Now the incomplete wall, which is already one of the most expensive megaprojects in US history, with an estimated final price of over US $ 15 billion (R $ 84 billion), is making the problems worse again. tensions, critics urging Biden to demolish parts of the wall and Republican leaders are asking the president to complete construction.
The most recent controversy over the wall comes amid a huge increase in migration across the border that prompts US officials to seek additional places to welcome newcomers, especially unaccompanied children and adolescents. More than 9,400 migrant minors arrived at the border without their parents in February – nearly three times the number seen at the same time last year – creating a serious humanitarian problem.

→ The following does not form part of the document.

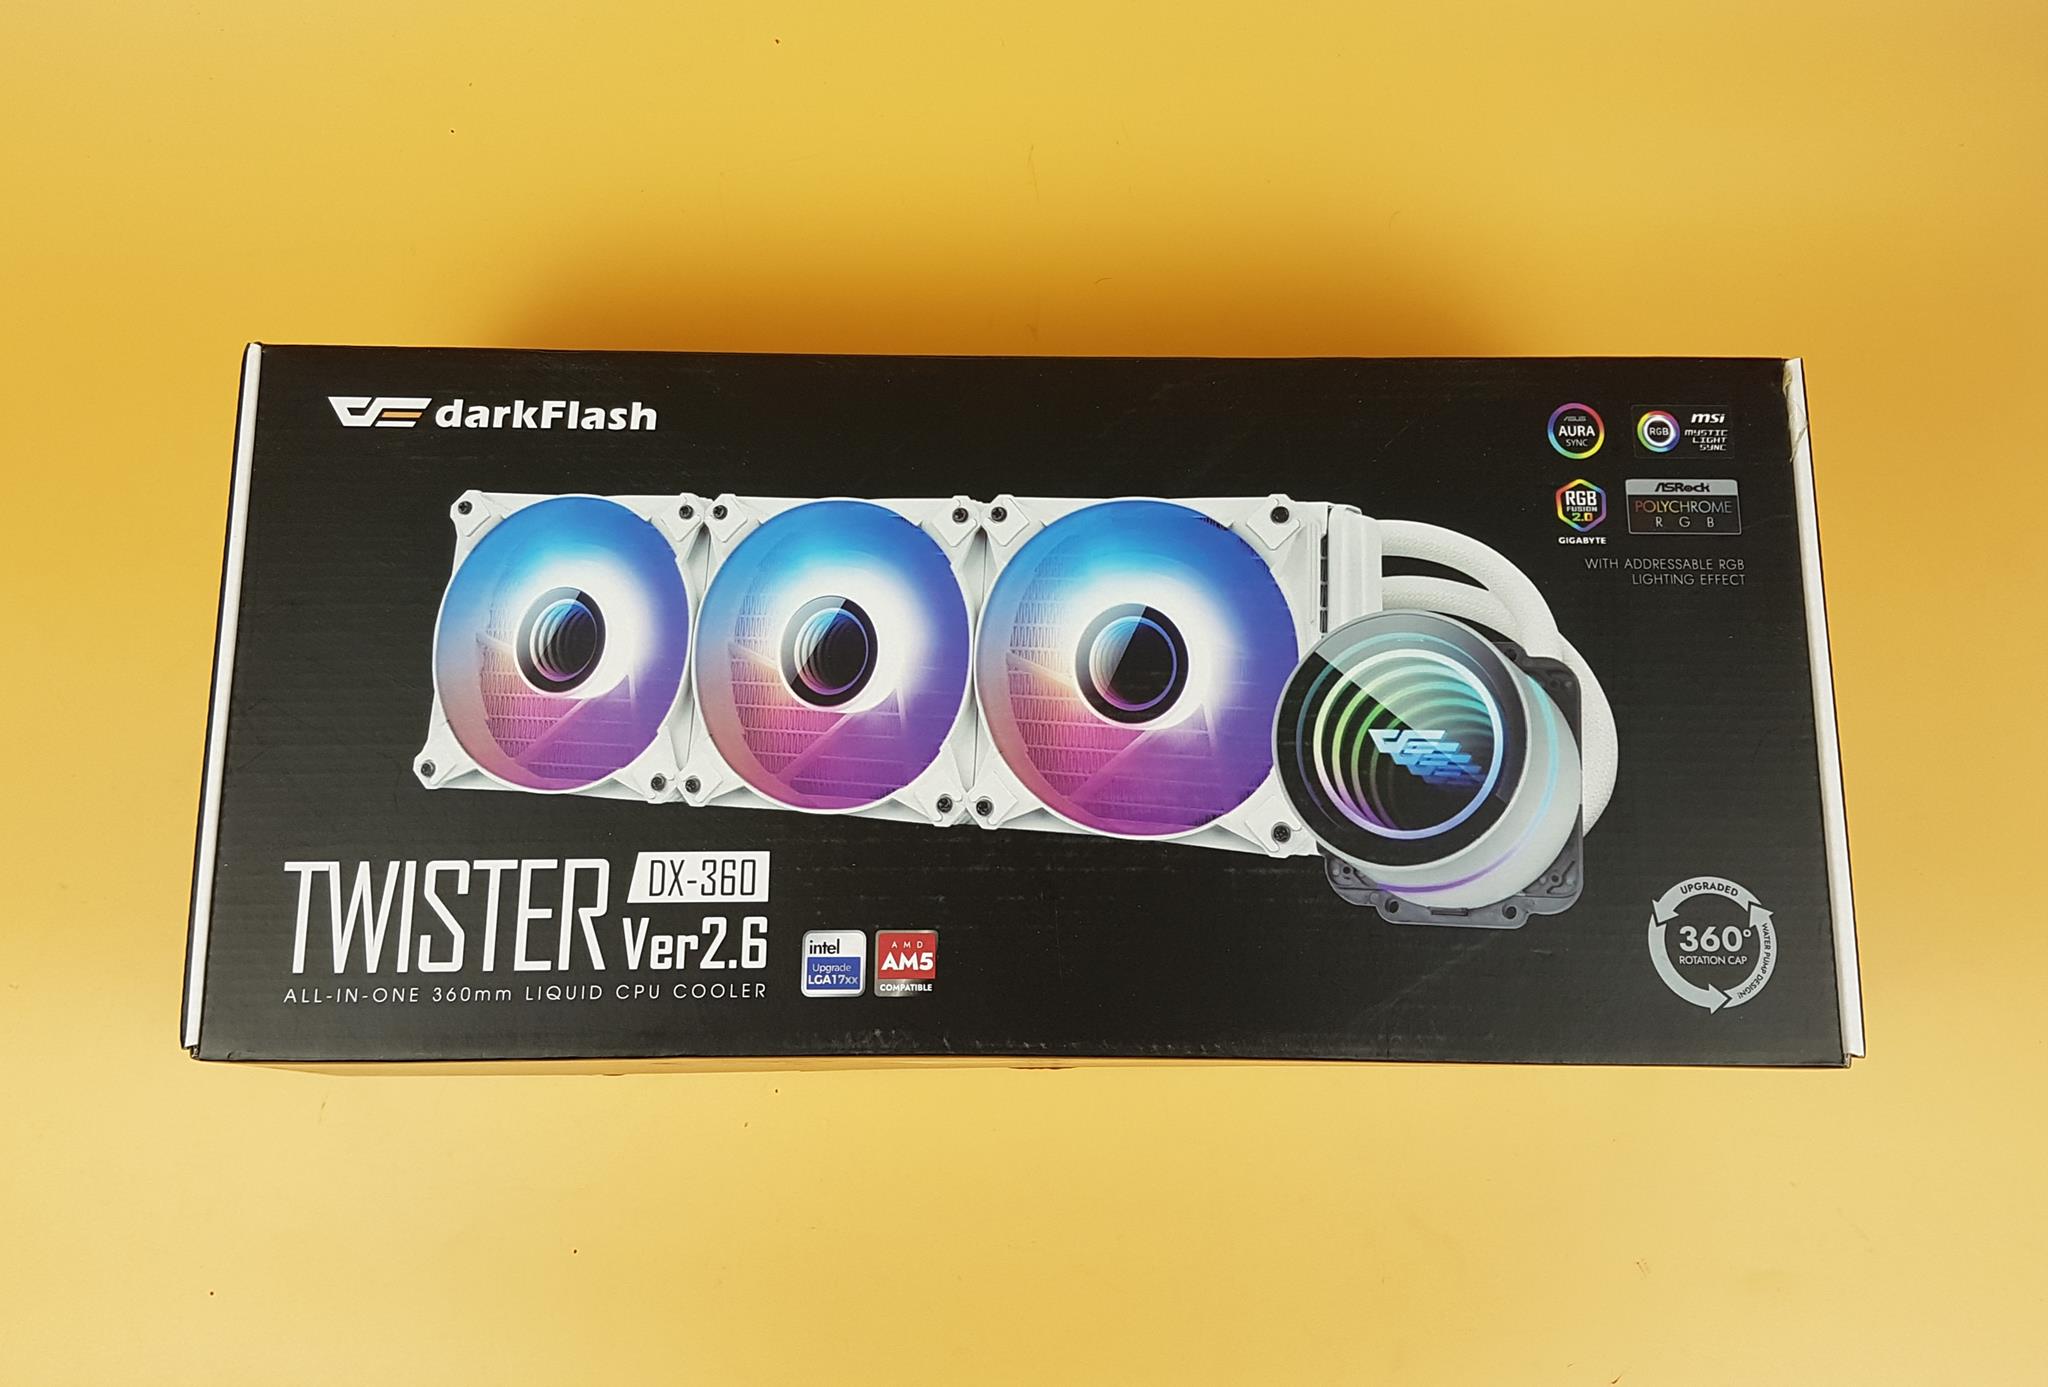 wister DX360 V2.6 box

The Biden administration suspended construction of the border wall on January 20, the president’s first day in office, announcing a 60-day period during which authorities determine how to proceed.
Former President Donald Trump has made the border wall a symbol of his administration’s efforts to curb immigration. Many sections of the border, 3,100 km long, already had low barriers erected by previous governments, but the project has been mired in controversy from the start.
Only a few kilometers of wall have been erected in South Texas, the region where most illegal crossings take place. Instead, much of the work, particularly in the final days of the Trump administration, has been done in remote areas of Arizona where, in recent years, cases of illegal border crossings have been. relatively rare.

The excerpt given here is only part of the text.